> Data section:
▼▼▼

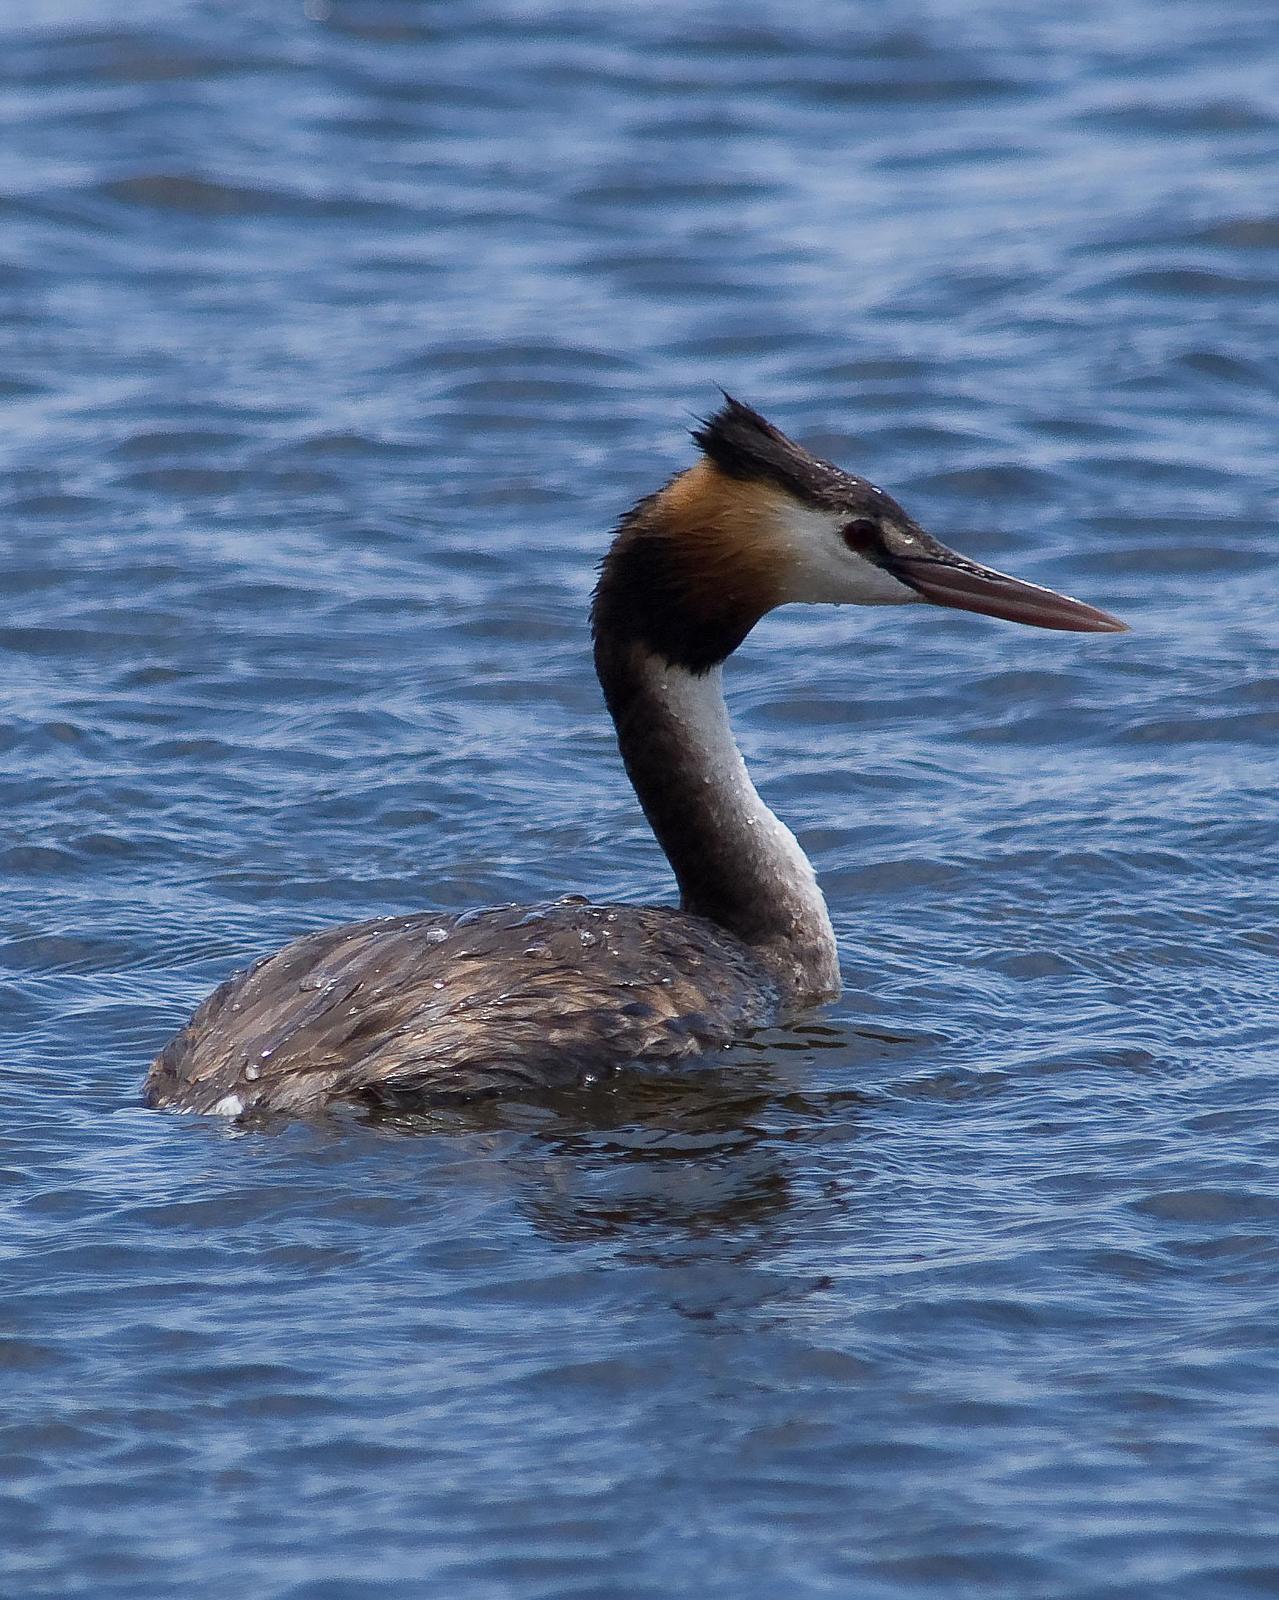 Great Crested Grebe Photo by Steve Percival
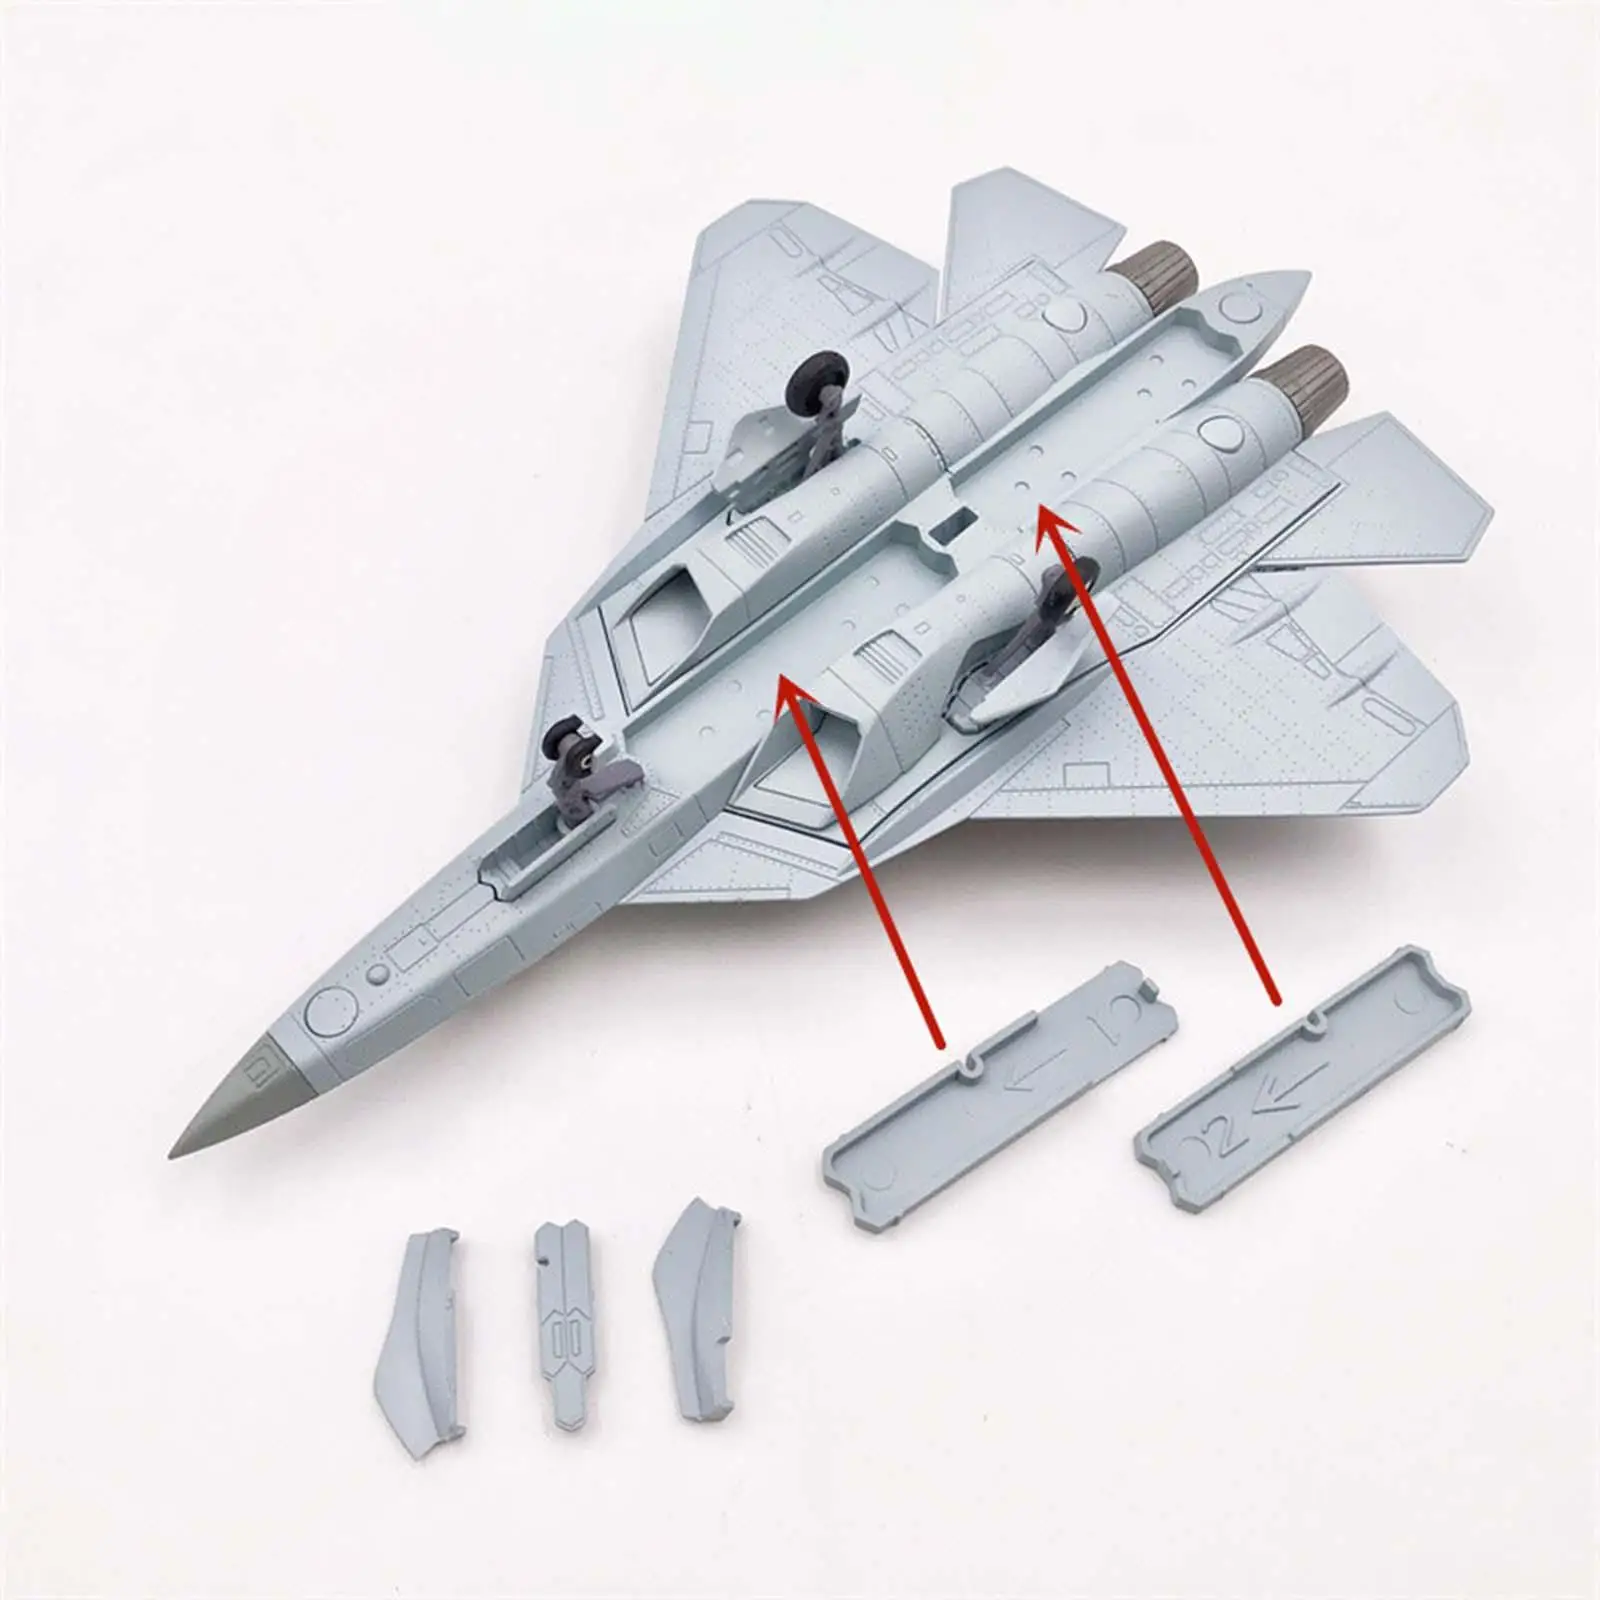 Russian Air Force Fighter Diecast Airplane Alloy Aircraft for Collection
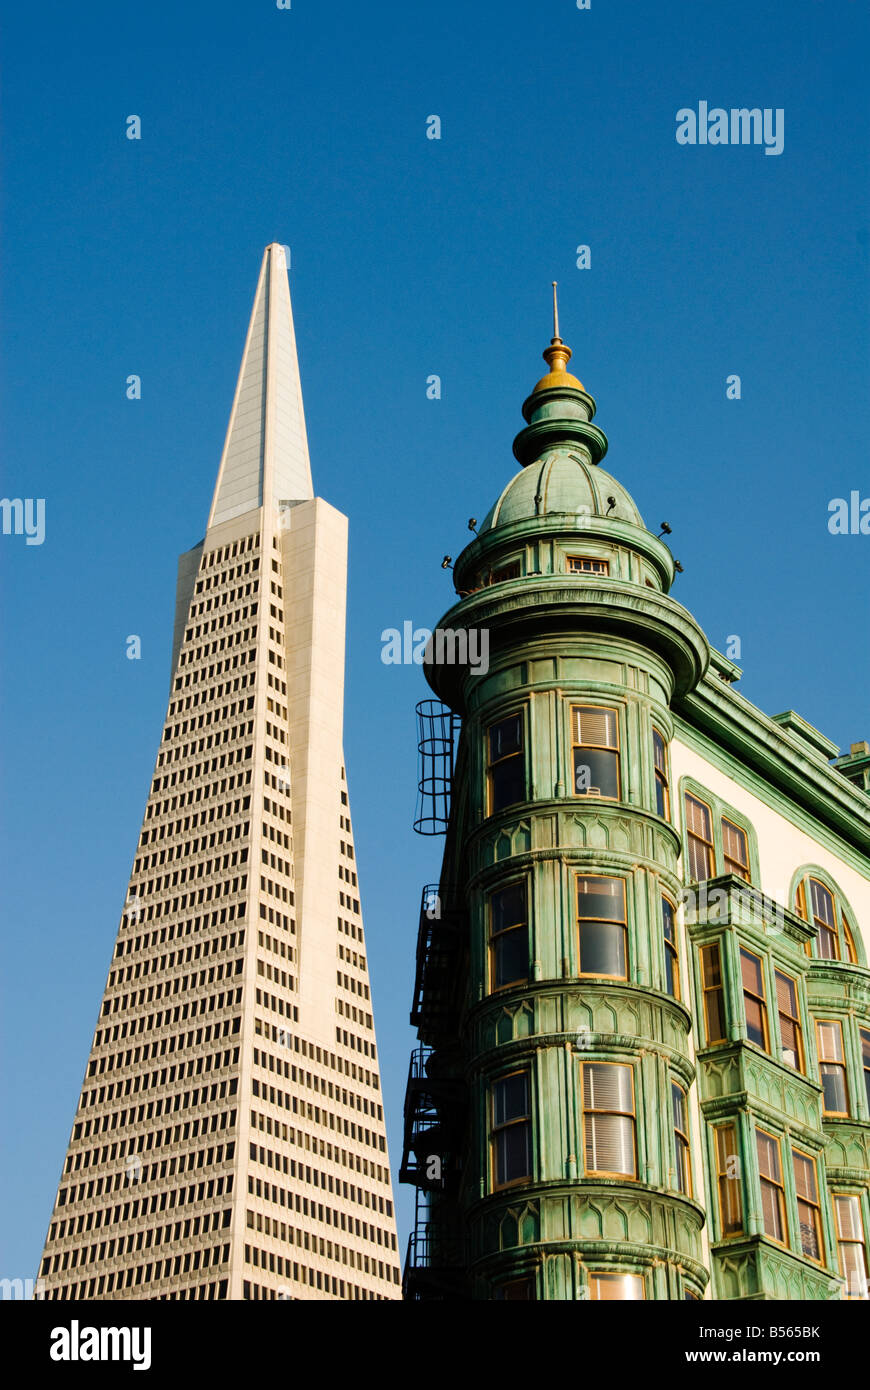 California San Francisco Old and new architecture Zoetrope Building and Transamerica Pyramid as seen from North Beach. Stock Photo

▲▲▲

This task calls for the lines from the line containing "Russian Air Force" through the end of the listing, set down exactly and only, with pictures omitted.

> Output for this exercise:
 Russian Air Force Fighter Diecast Airplane Alloy Aircraft for Collection
 California San Francisco Old and new architecture Zoetrope Building and Transamerica Pyramid as seen from North Beach. Stock Photo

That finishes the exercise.